- [Data extract]

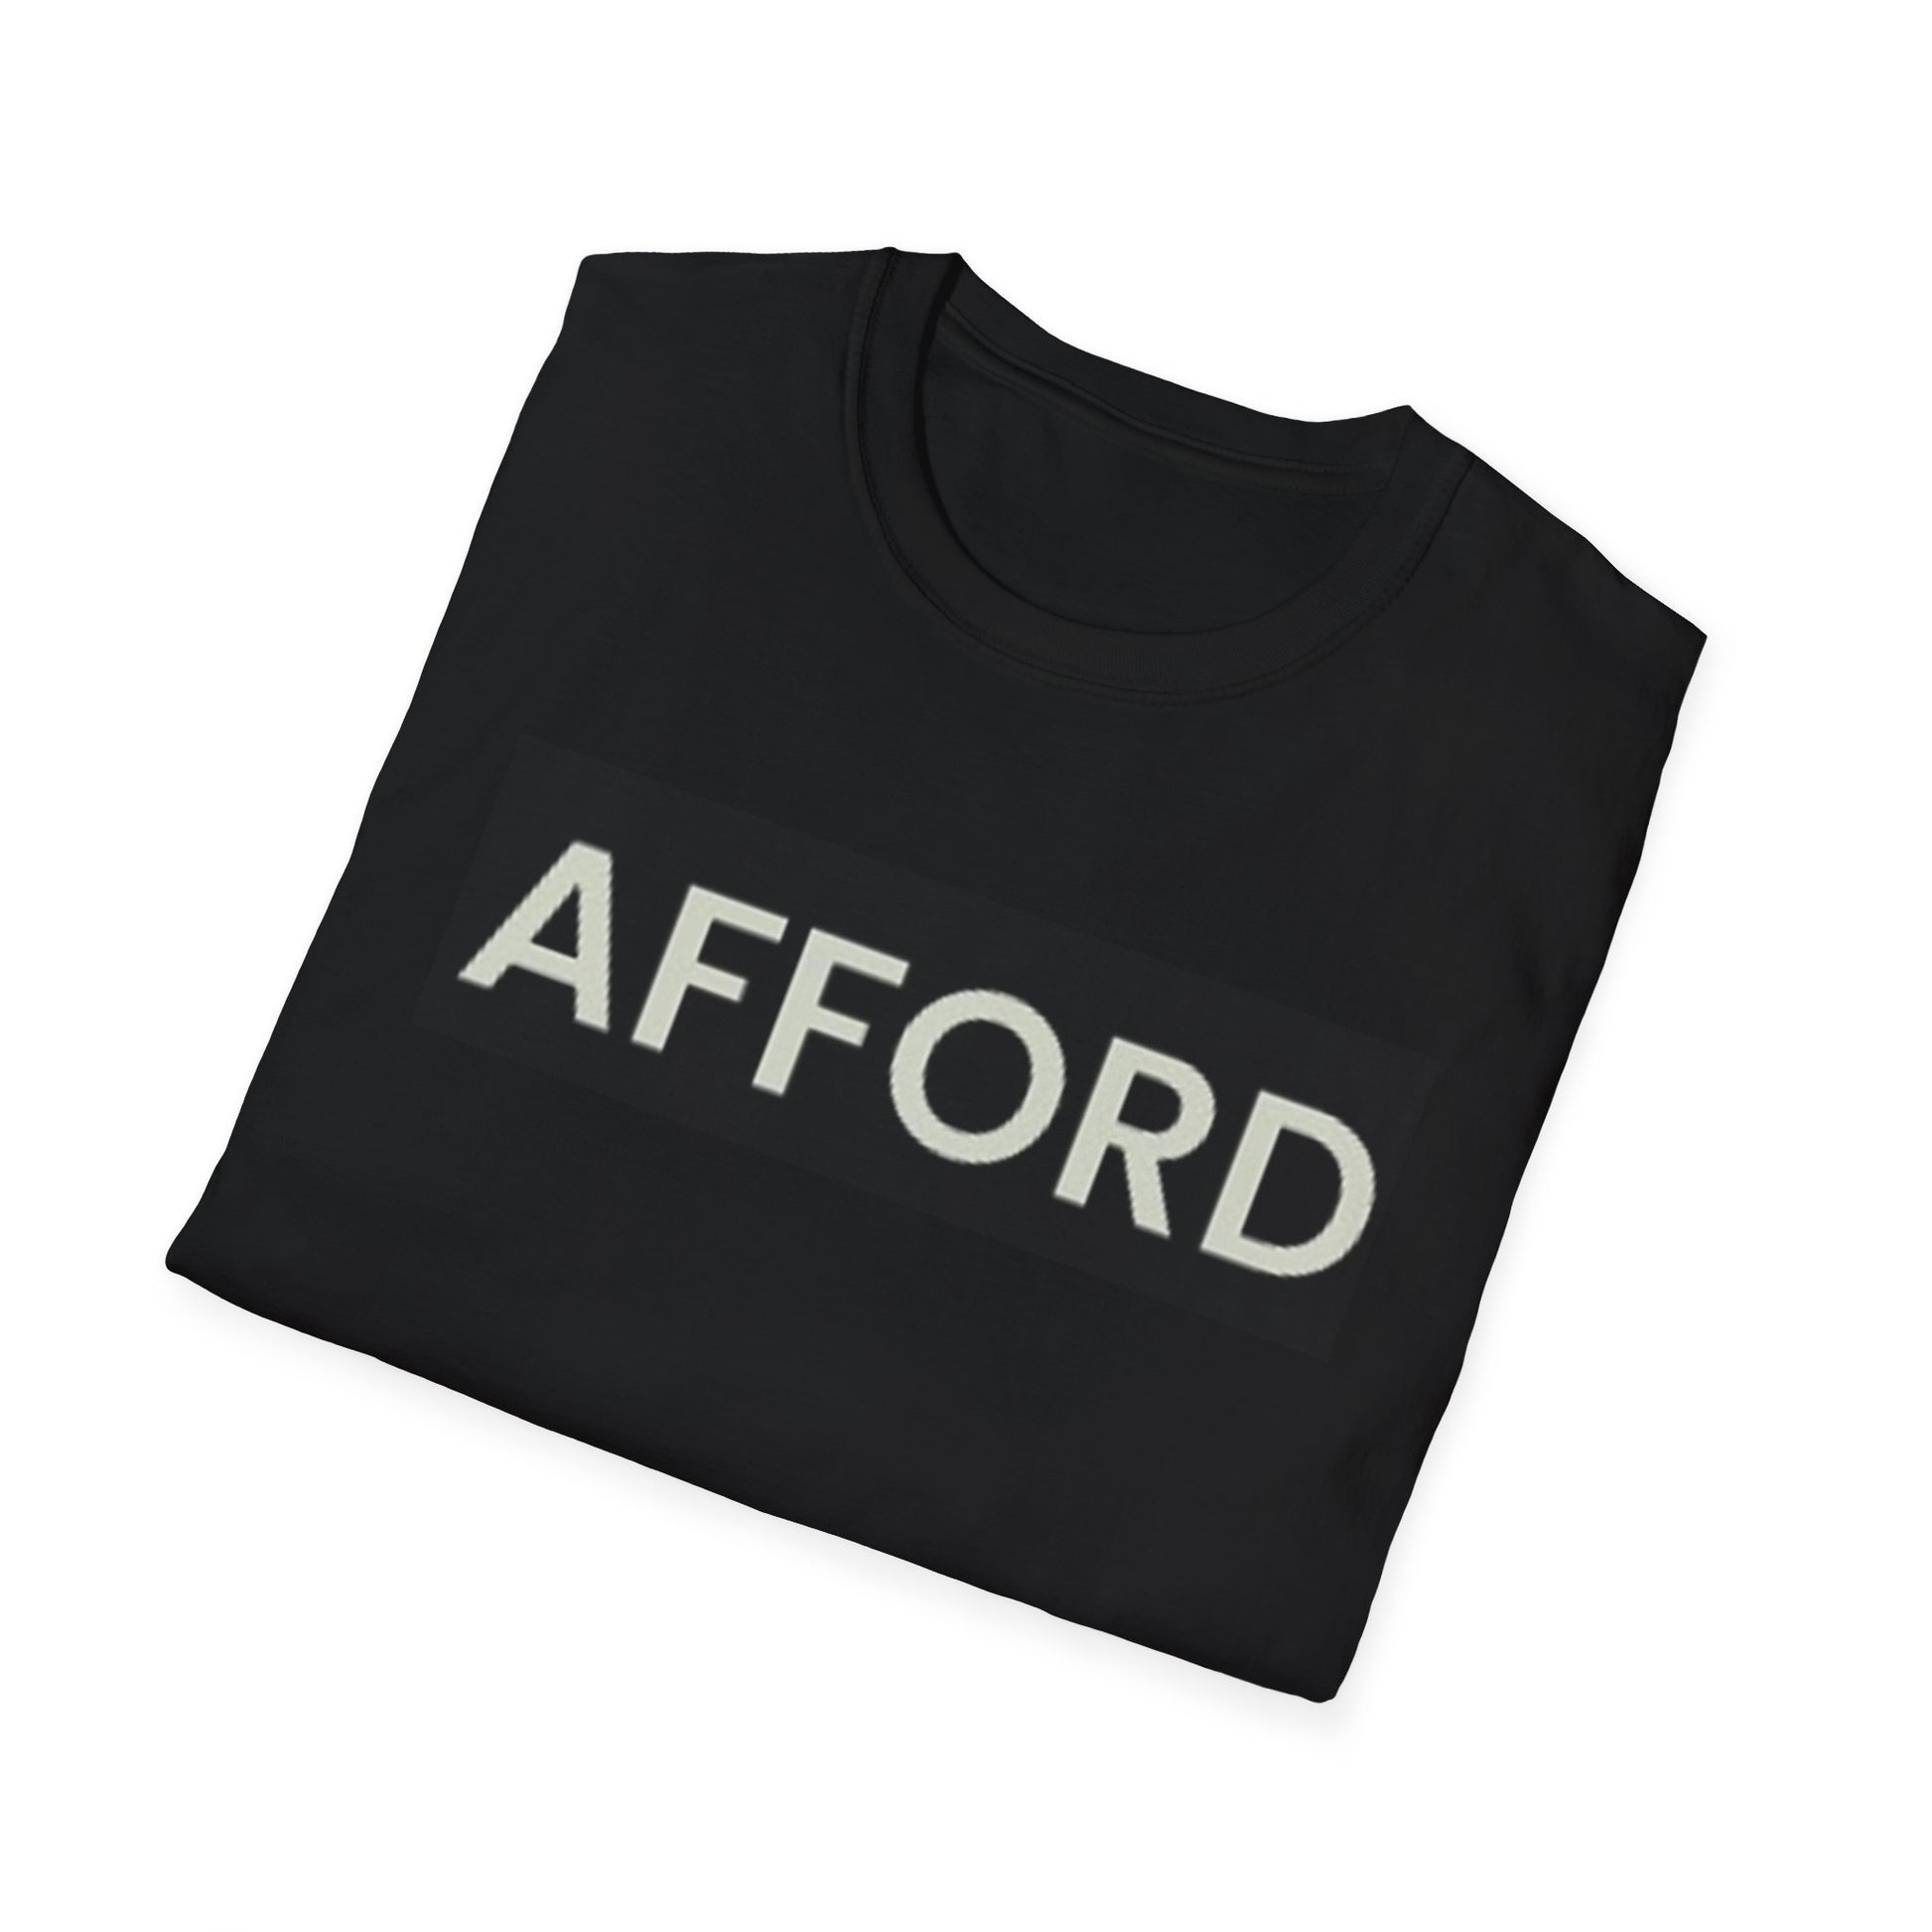 Unisex T-Shirt - AFFORD - AFFORDABLE MARKET
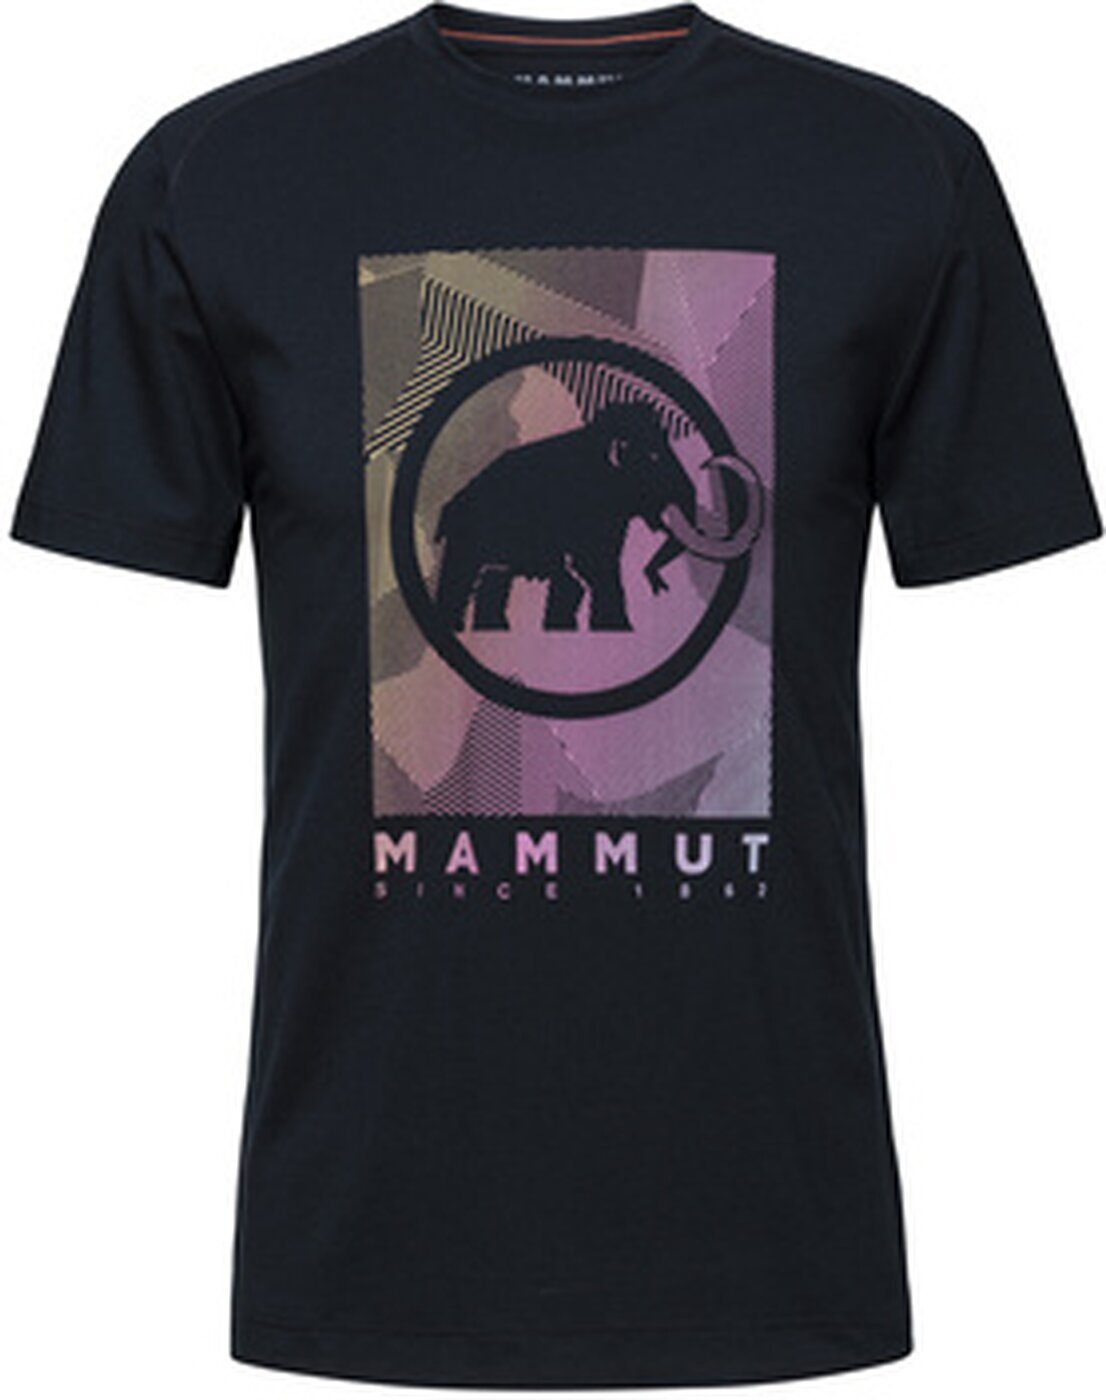 PRT2 T-Shirt Mammut Herren black Trovat Mammut Shirt 00254
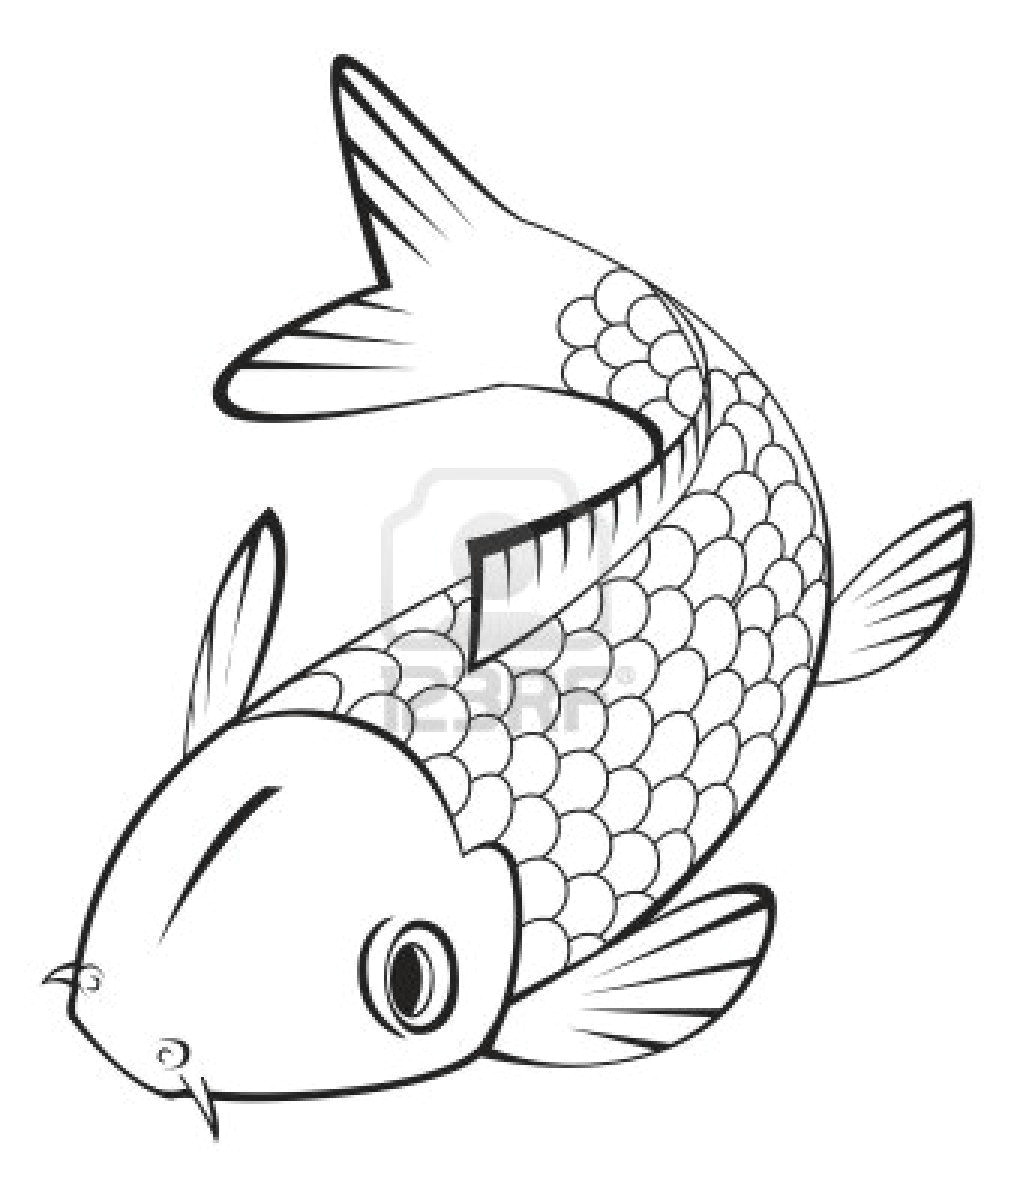 Easy Drawings Of Koi Fish Download Koi Fish Coloring Pages Koi Fish Drawing Fish

- [Exercise instructions]
The entire listing above, word for word and without pictures, is what should be output.

- [Result of this task]
 Unisex T-Shirt - AFFORD - AFFORDABLE MARKET
 PRT2 T-Shirt Mammut Herren black Trovat Mammut Shirt 00254
 Easy Drawings Of Koi Fish Download Koi Fish Coloring Pages Koi Fish Drawing Fish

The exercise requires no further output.